Человек высочайшей культуры, образованности, Уманский владел в совершенстве основными европейскими языками. Теперь же на склоне лет находил еще время для изучения грузинского языка и говорил, что язык этот ему все больше и больше нравится. Нас, серых, все это поражало и казалось причудами. Слишком велик был разрыв между нами и им!

Из древних языков Уманский знал древнегреческий, латынь, древнееврейский и арабский. На книжной полке, иногда на кровати его я видел крошечную книжечку размером меньше записной — это был Коран на арабском языке. Давно, еще до тюрьмы Коран вызывал у меня интерес, притягивал какой-то таинственностью, но в моем окружении не был доступен. Я расспрашивал Якова Михайловича о Коране, о сути его. Он пробовал мне объяснять, добавляя при том, что комментарии к Корану во много раз превосходят по объему Коран.

— Вашим будет этот Коран, — говорил он, — изучайте арабский.

Я тяжело вздыхал. За городом у меня была семья, дочь и жена, в городе работа и учеба в УКП технического вуза. Недавно лишь я рассчитался с математикой и глядел на Уманского, не утратившего к ней интерес, с большим удивлением. Не до арабского было мне.

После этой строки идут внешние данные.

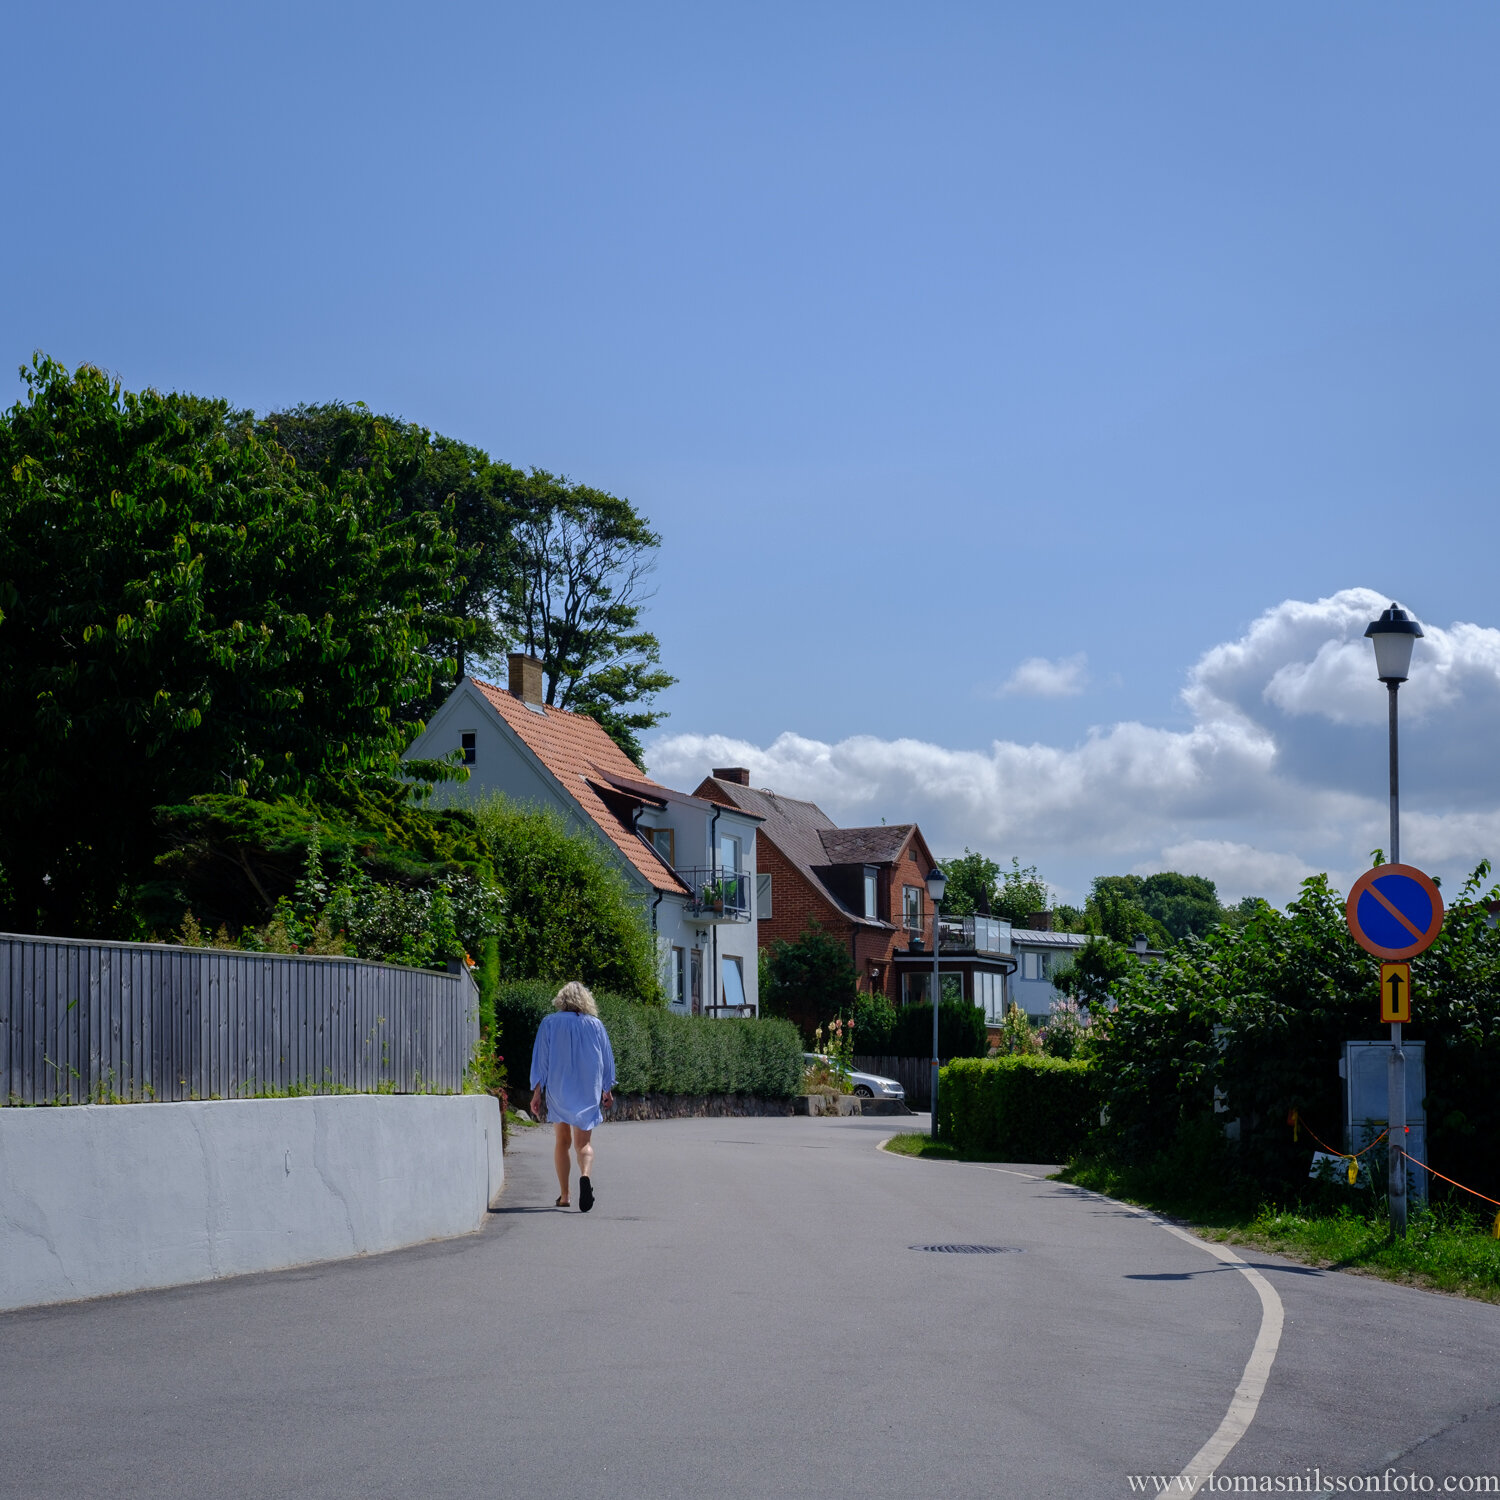 Day 199 - July 18: A walk in a seaside village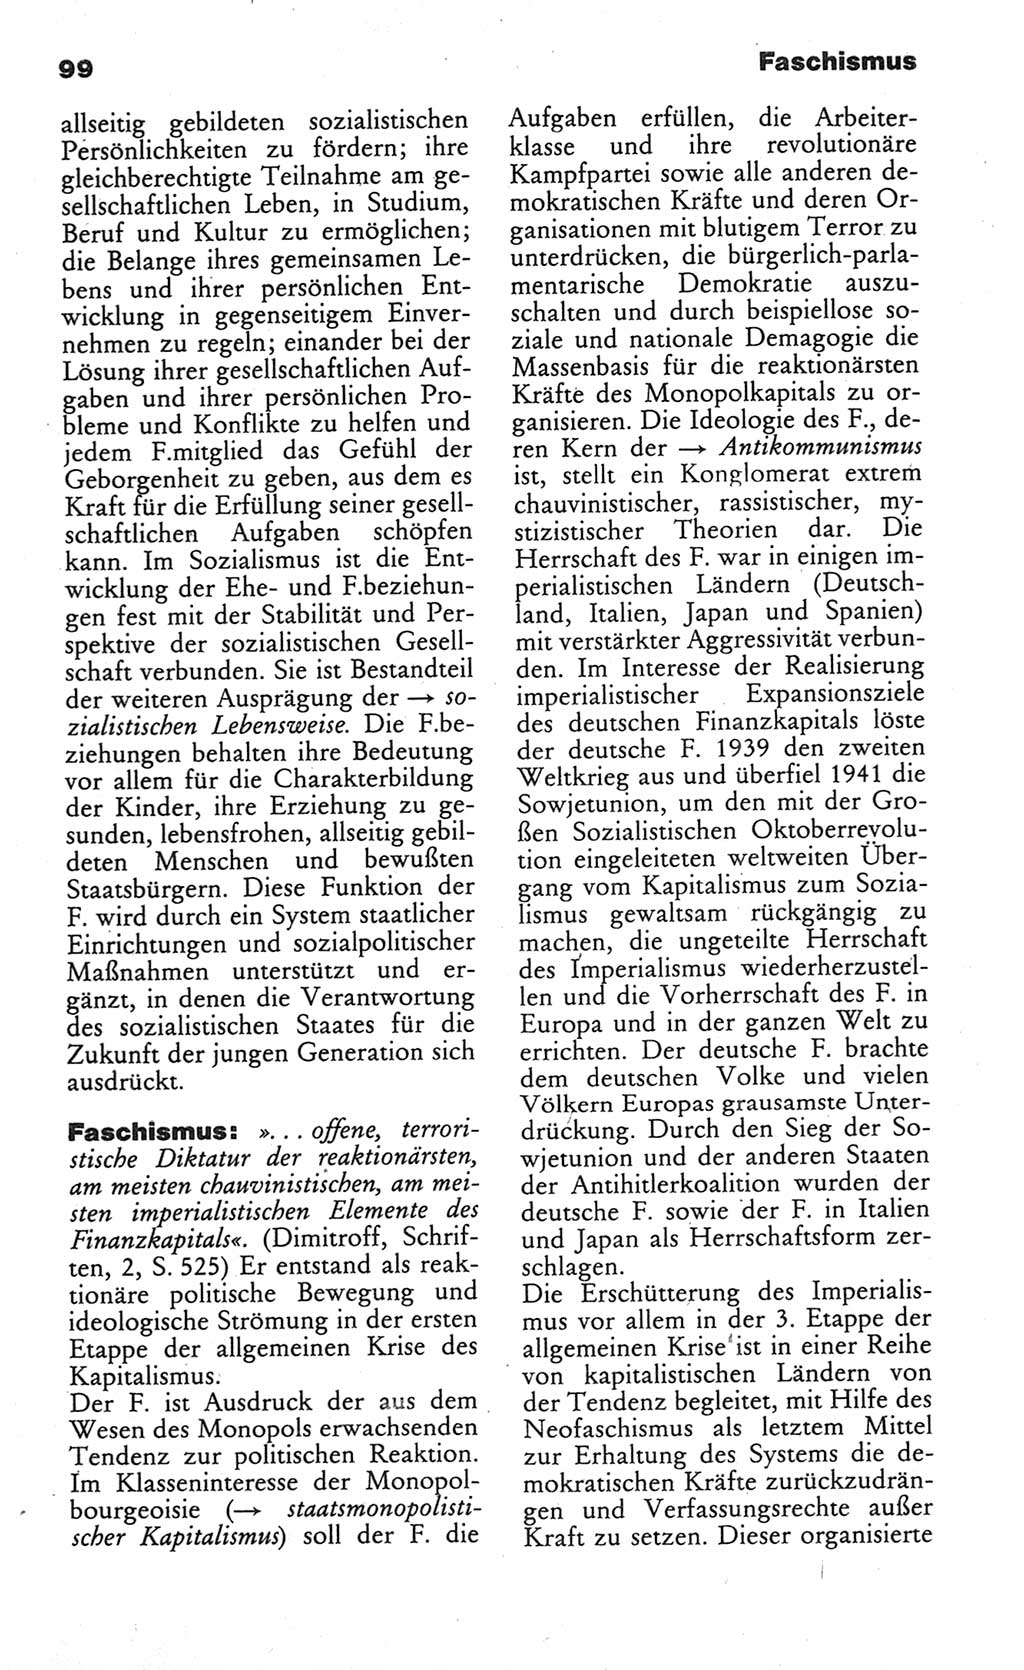 Wörterbuch des wissenschaftlichen Kommunismus [Deutsche Demokratische Republik (DDR)] 1984, Seite 99 (Wb. wiss. Komm. DDR 1984, S. 99)

20 сентября 1951 года в день смерти Якова Михайловича, вернувшись с работы домой, я узнал о случившемся. Комендантша уже успела убрать его вещи, постель и книги. Только серо-зеленый квадратик Корана в потертом и засаленном коленкоре сиротливо лежал на тумбочке, видимо, не признанный вещью, достойной сохранности, ценности. Я раскрыл его, поглядел на кружевную арабскую вязь письма, хранящую свою тайну, и, как память о Якове Михайловиче, взял" себе, боясь, что уборщица выбросит. Я хранил его 18 лет, а уезжая из Магадана, подарил Коран Алику Мифтахутдинову, молодому магаданскому прозаику, также мечтавшему тогда о Коране.

Говорили, что на похороны Якова Михайловича приезжала дочь. Я не видел ее. Позже я узнал, что приезжала не дочь, а ленинградская племянница Люба. Дочь Елизавета, отказавшаяся от отца после его ареста, в переписке с ним не состояла и на похороны не поехала. Сусанна, любившая отца и помогавшая ему, поехать в Магадан не могла по многосложному своему нездоровью. Такой путь был ей не под силу.

Яков Михайлович Уманский — выходец из семьи потомственных раввинов, из тех евреев, что при Екатерине Второй переселялись из Испании в Польшу, из Польши в Бессарабию и на Украину. Родился Яков Михайлович в 1877 году в Кишиневе. В Черкассах окончил частную гимназию, находясь на частной стипендии. Его сестра Вера училась в той же гимназии, также будучи стипендиаткой.

Высшее образование Яков Михайлович получил еще до первой мировой войны 1914 года. Медицинское — в Сорбонне, математическое — в Лозанне.

В первую мировую войну Уманский ушел врачом на фронт. На Галицийском фронте познакомился с одним из братьев Михаила Булгакова — Дмитрием, тогда вольноопределяющимся. В Галиции Дмитрий Булгаков и погиб. Уманский долго еще оставался в Галиции, активно выступая против лихоимства и коррупции интендантов. За это попал под военно-полевой суд, был судим и сослан в Томскую губернию. Там врачевал. С началом революции вернулся в Киев. Там при нем прошли все смены властей. И после войны еще он продолжал работать в военных госпиталях.

В Киеве Яков Михайлович женился на дочери киевского купца Зильберштейна Любови Осиповне. У них родились две дочери: Елизавета и Сусанна. Жена Якова Михайловича умерла еще до его отъезда в Дальстрой. Перед отъездом Уманский жил в Москве на Таганке и работал в поликлинике Метростроя. В Магадан Яков Михайлович прибыл в 1935 году.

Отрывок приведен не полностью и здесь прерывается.